Tom Horne caught in the middle of budget controversy
PHOENIX, Arizona: Arizona was awarded a $1.6 billion share - the third greatest, after California and Florida - of the 49 state, $26 billion settlement paid by 5 major mortgage institutions over nefarious lending practices. When the settlement was reached in February, 2012, the terms of how the pot would be distributed among, and within, the lawsuit's member states were laid out; Arizona was to direct $1.3 billion of its share to homeowners whose mortgage debts currently exceed their homes' value, $110 million in payments for those who already lost their homes to lender misconduct, $85 million for interest rate reductions, and, finally, $97.7 million was entrusted to the attorney general for discretionary spending on behalf of the recovery effort.

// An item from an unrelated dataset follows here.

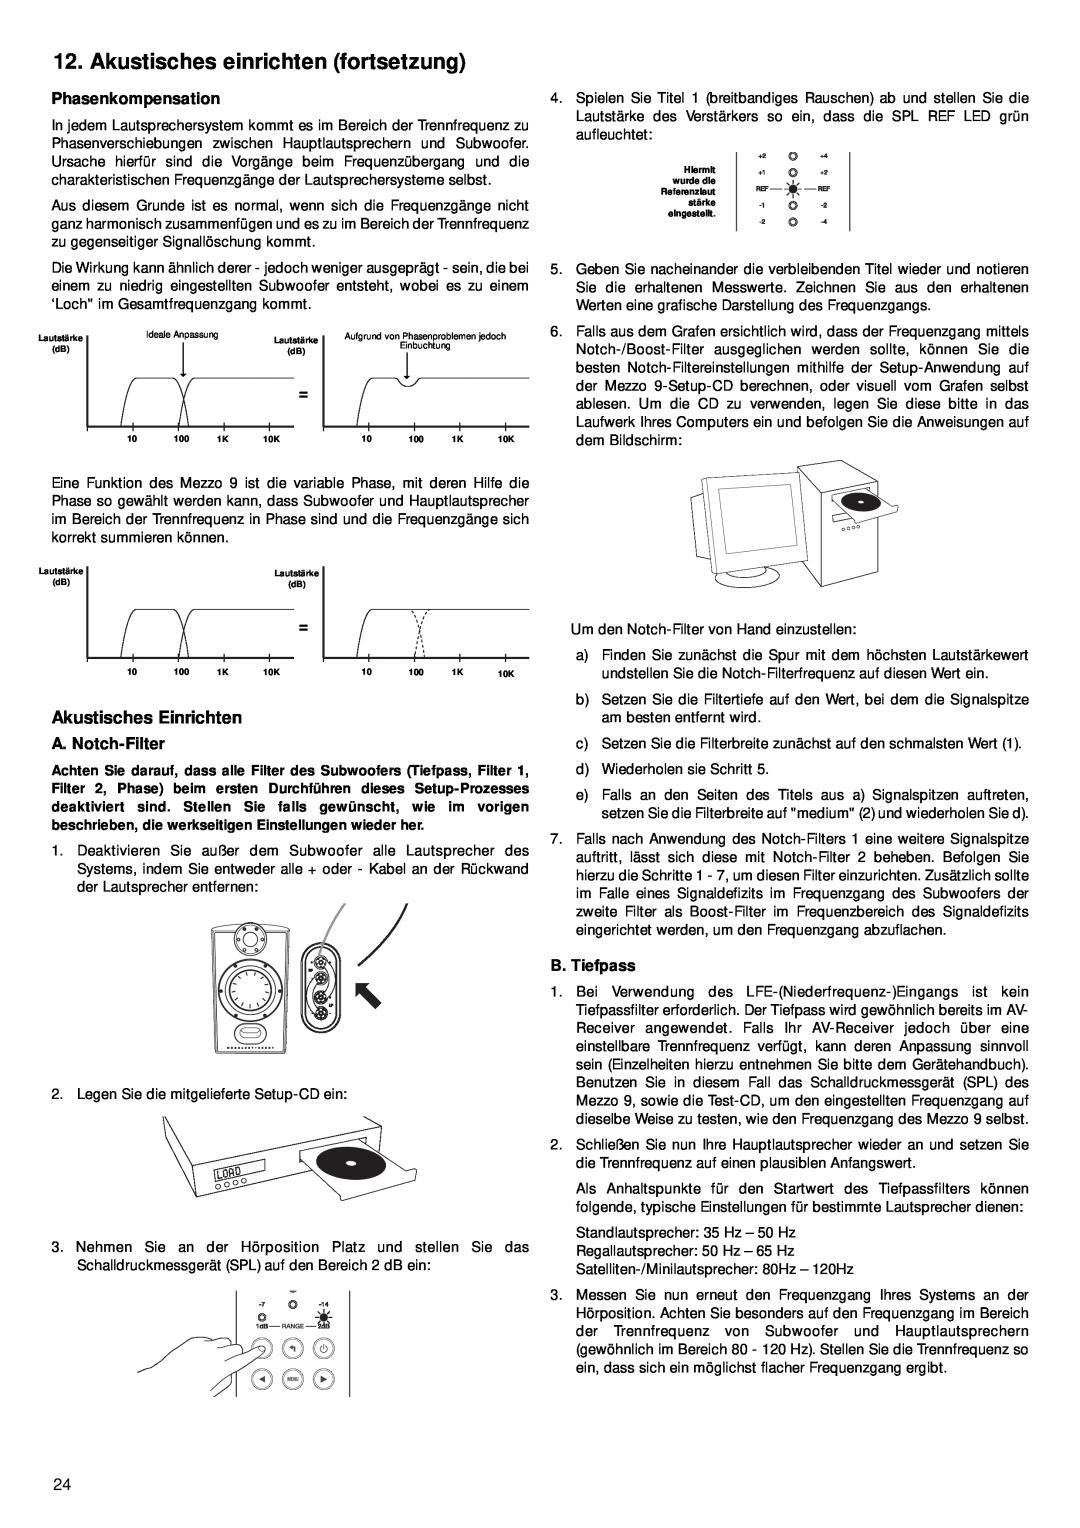 Mordaunt-Short 9 manual Akustisches einrichten fortsetzung, Akustisches Einrichten, Phasenkompensation, A. Notch-Filter

Specifically, the attorney general's slice is reserved for the purposes of avoiding preventable foreclosures, easing the strain imposed on individuals and the economy by the foreclosure crisis, as well as prosecuting further related incidences of fraud.

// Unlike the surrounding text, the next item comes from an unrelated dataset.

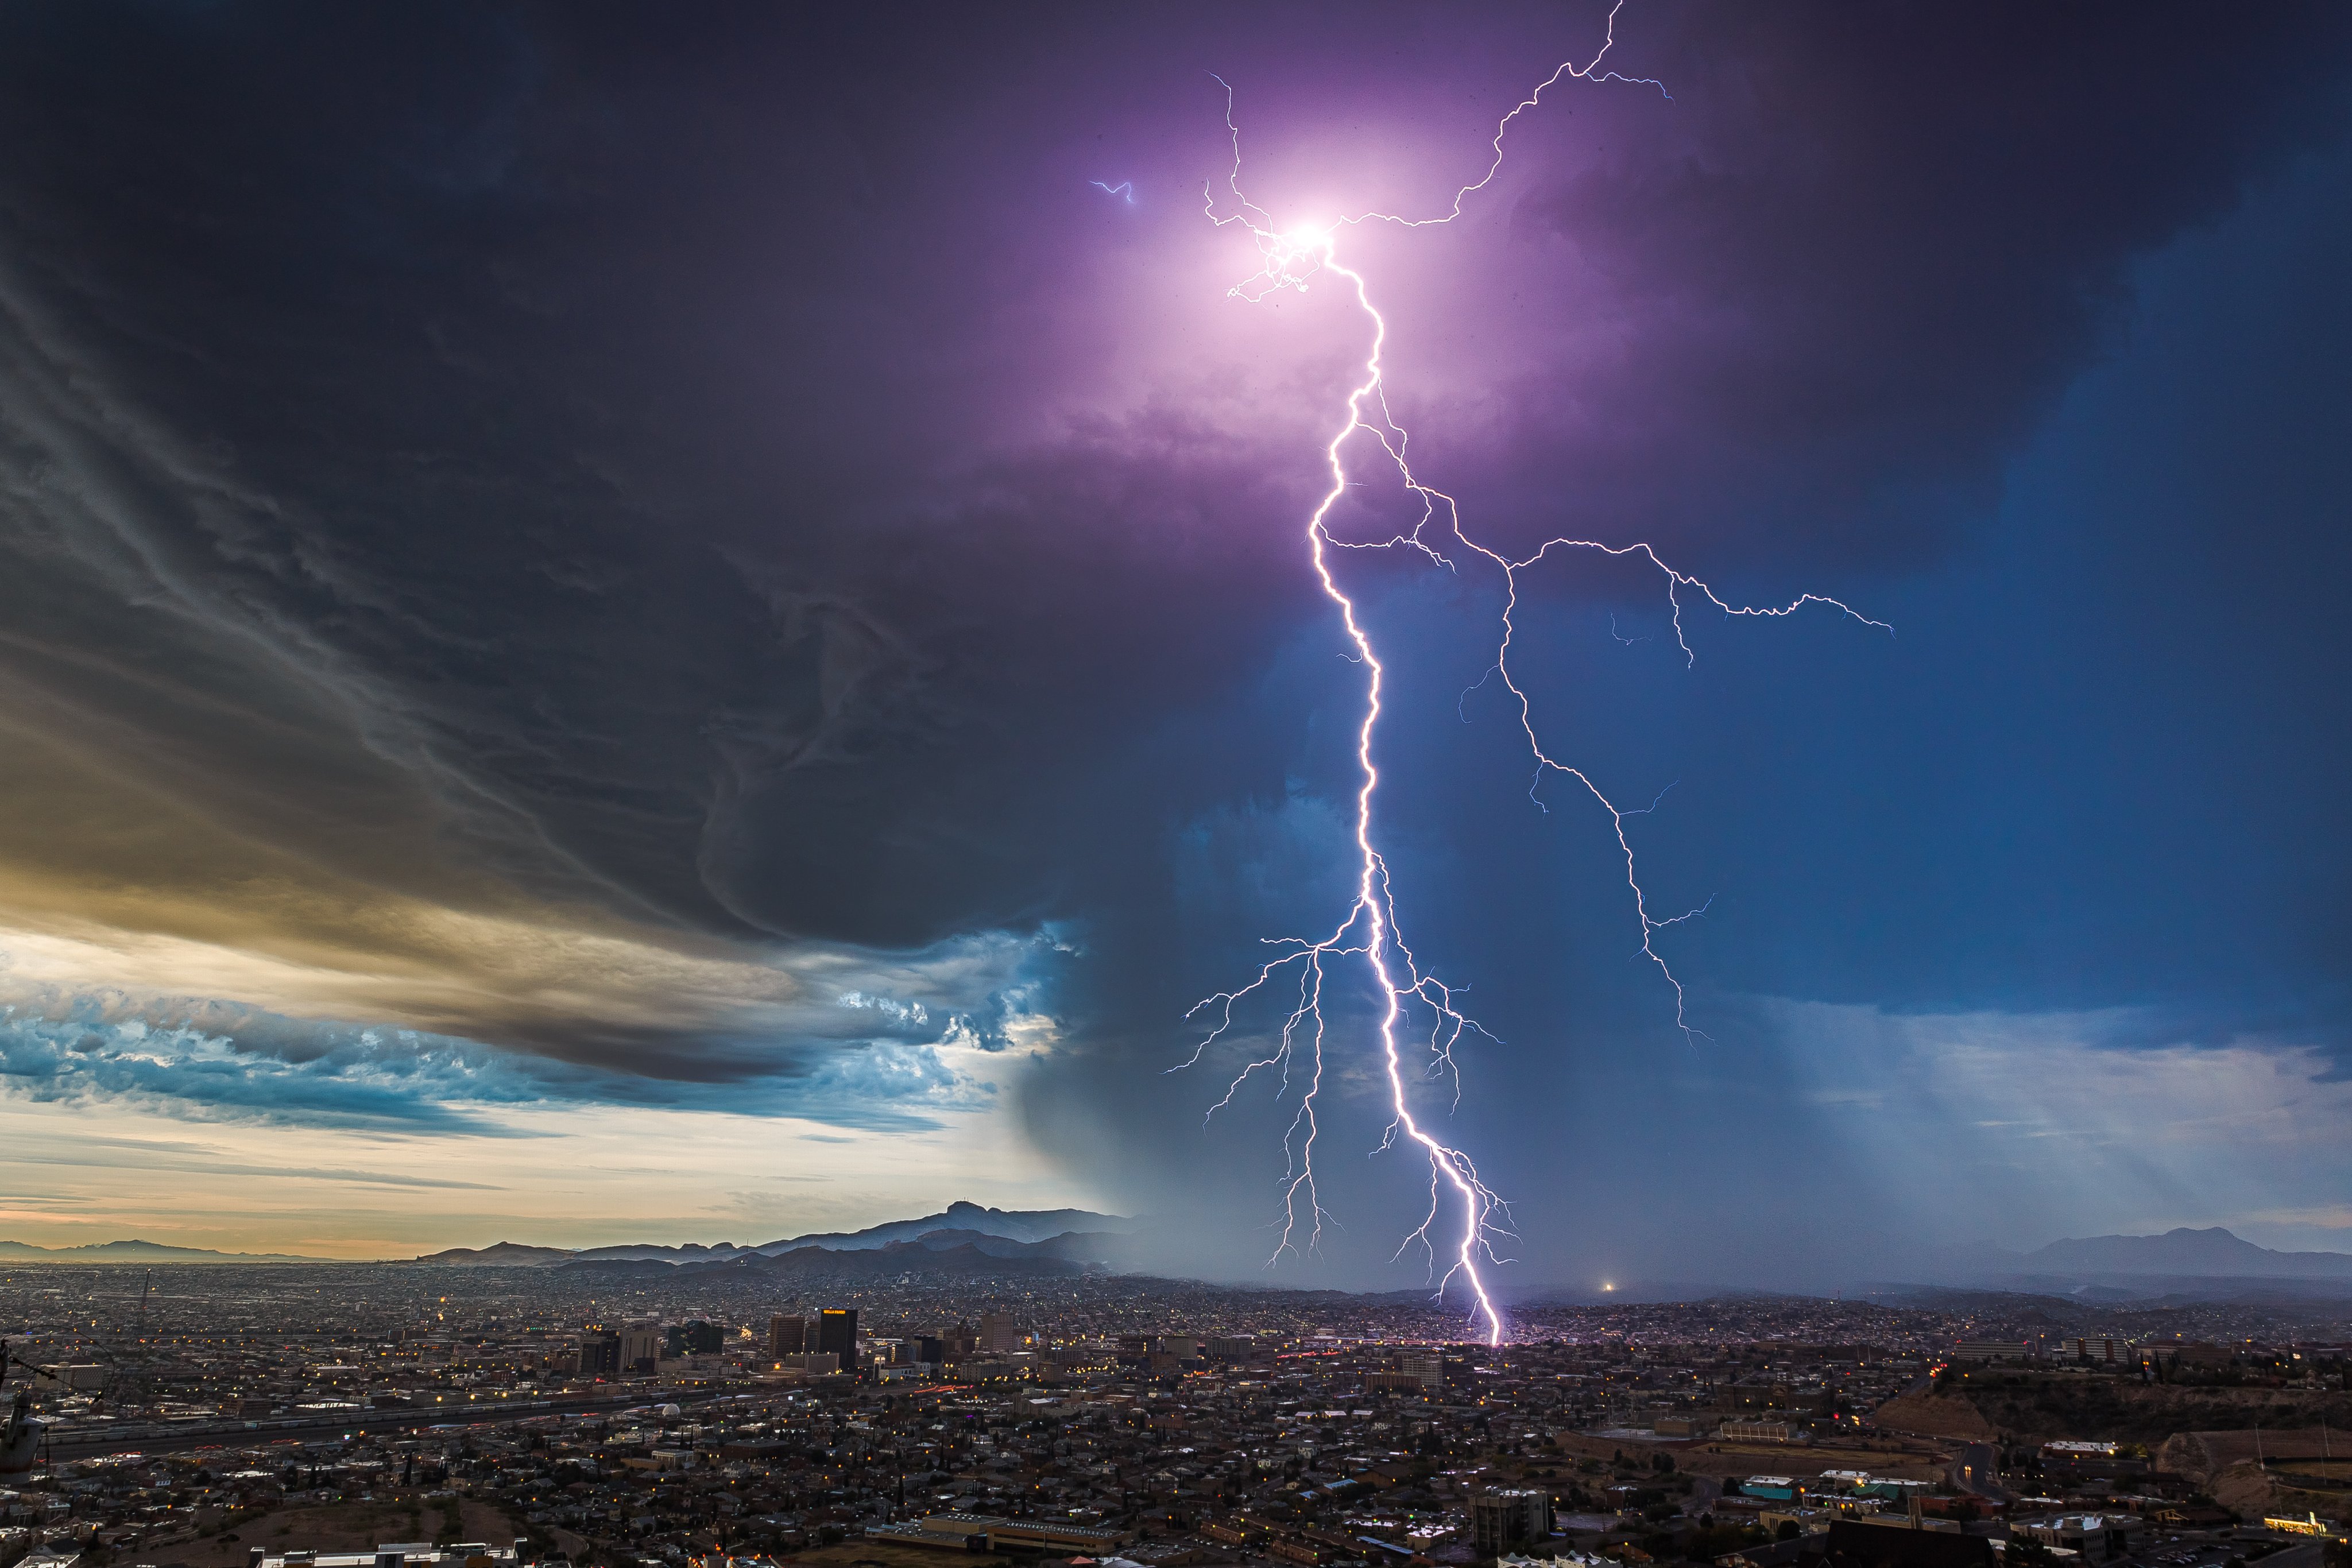 1st Place A rare November thunderstorm rolls north from Ciudad Juarez into El Paso, Texas by Lori Grace Bailey @lorigraceaz

Months later, Arizona lawmakers devised a plan to balance the budget via a governor-approved absorption of roughly half of that money into the state government's checking account. Horne lobbied against the decision, calling it "bad public policy." Despite informing the legislature and Gov. Jan Brewer that the money was intended for the victims of the crisis, not for general government purposes, he pledged to voluntarily comply with the $50 million transfer. "It would be suicidal for me to get into a war with [them] over a matter that is clearly constitutionally within their area of responsibility, namely the budget," Horne confessed- a statement with which Tim Hogan, an attorney for the Center for Law in the Public Interest, disagreed. In a letter to the attorney general, Hogan wrote that neither Arizona's budget controlling apparatus, nor Horne, as the fund's Trustee, has the authority to "voluntarily give half of the court-ordered trust fund to the state General Fund."

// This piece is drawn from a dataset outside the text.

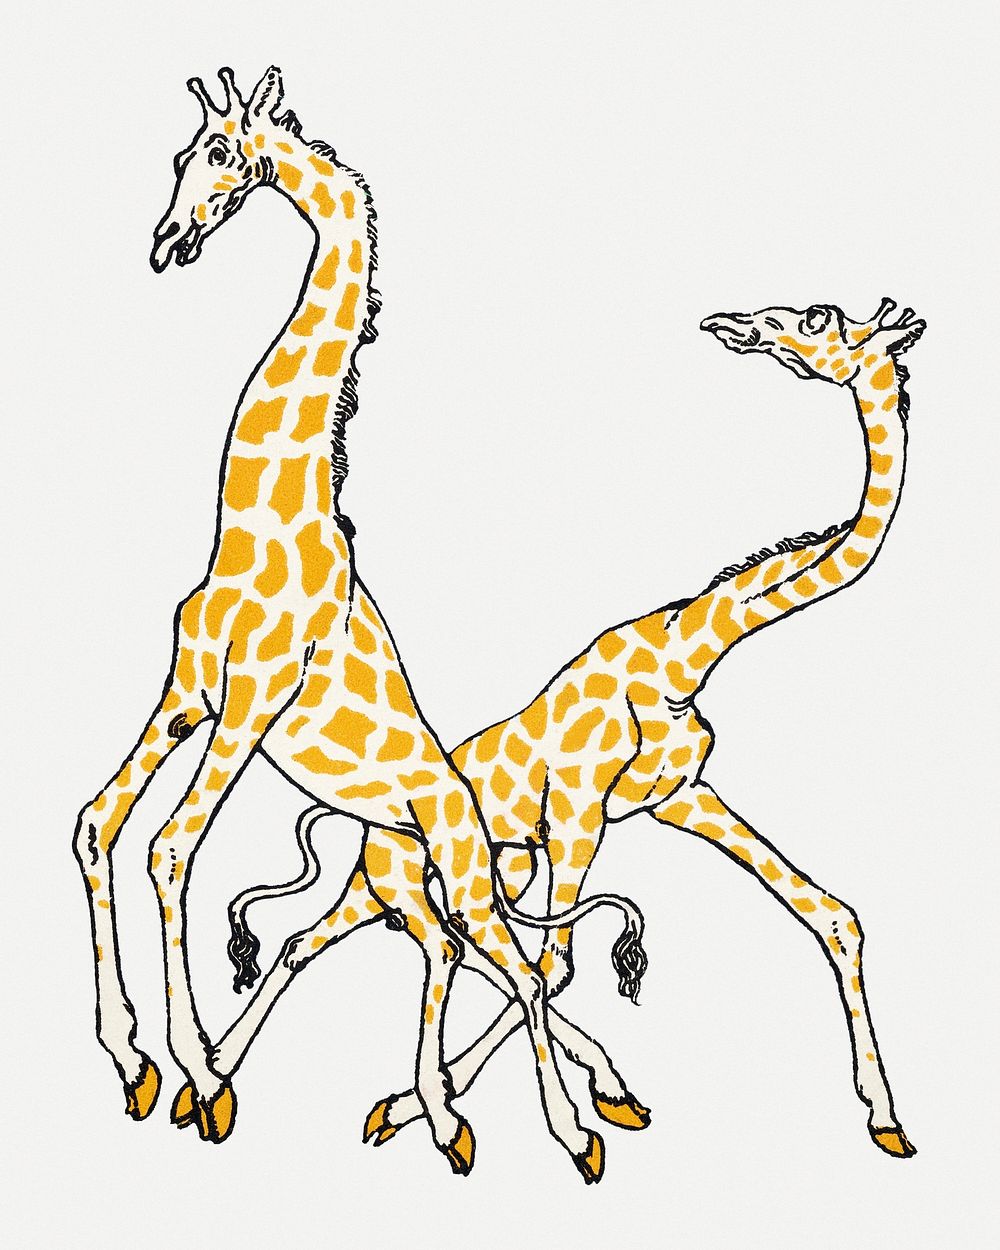 Vintage giraffes illustration, remixed from artworks by Moriz Jung

To legally justify the transfer, the bodies responsible for drawing up the budget invoked language from the settlement which gives states permission to distill internally from the fund on the specific, necessary condition of compensating "for costs resulting from the alleged unlawful conduct of the defendants." They reasoned the state is covered under this contingency because when the housing bubble bust people could not pay their taxes, causing the state to go into a recession. Indeed, the crisis wreaked havoc on the Arizona's economy, but Hogan contended that the provision is not broad enough to include the general costs of government and seeks to block the transfer. Horne said he will oppose efforts like Hogan's, and, barring an injunction, intends to proceed with turning over the $50 million to the treasurer on July, 1, 2012, which begins the next fiscal year.
The money is putatively destined for prison construction.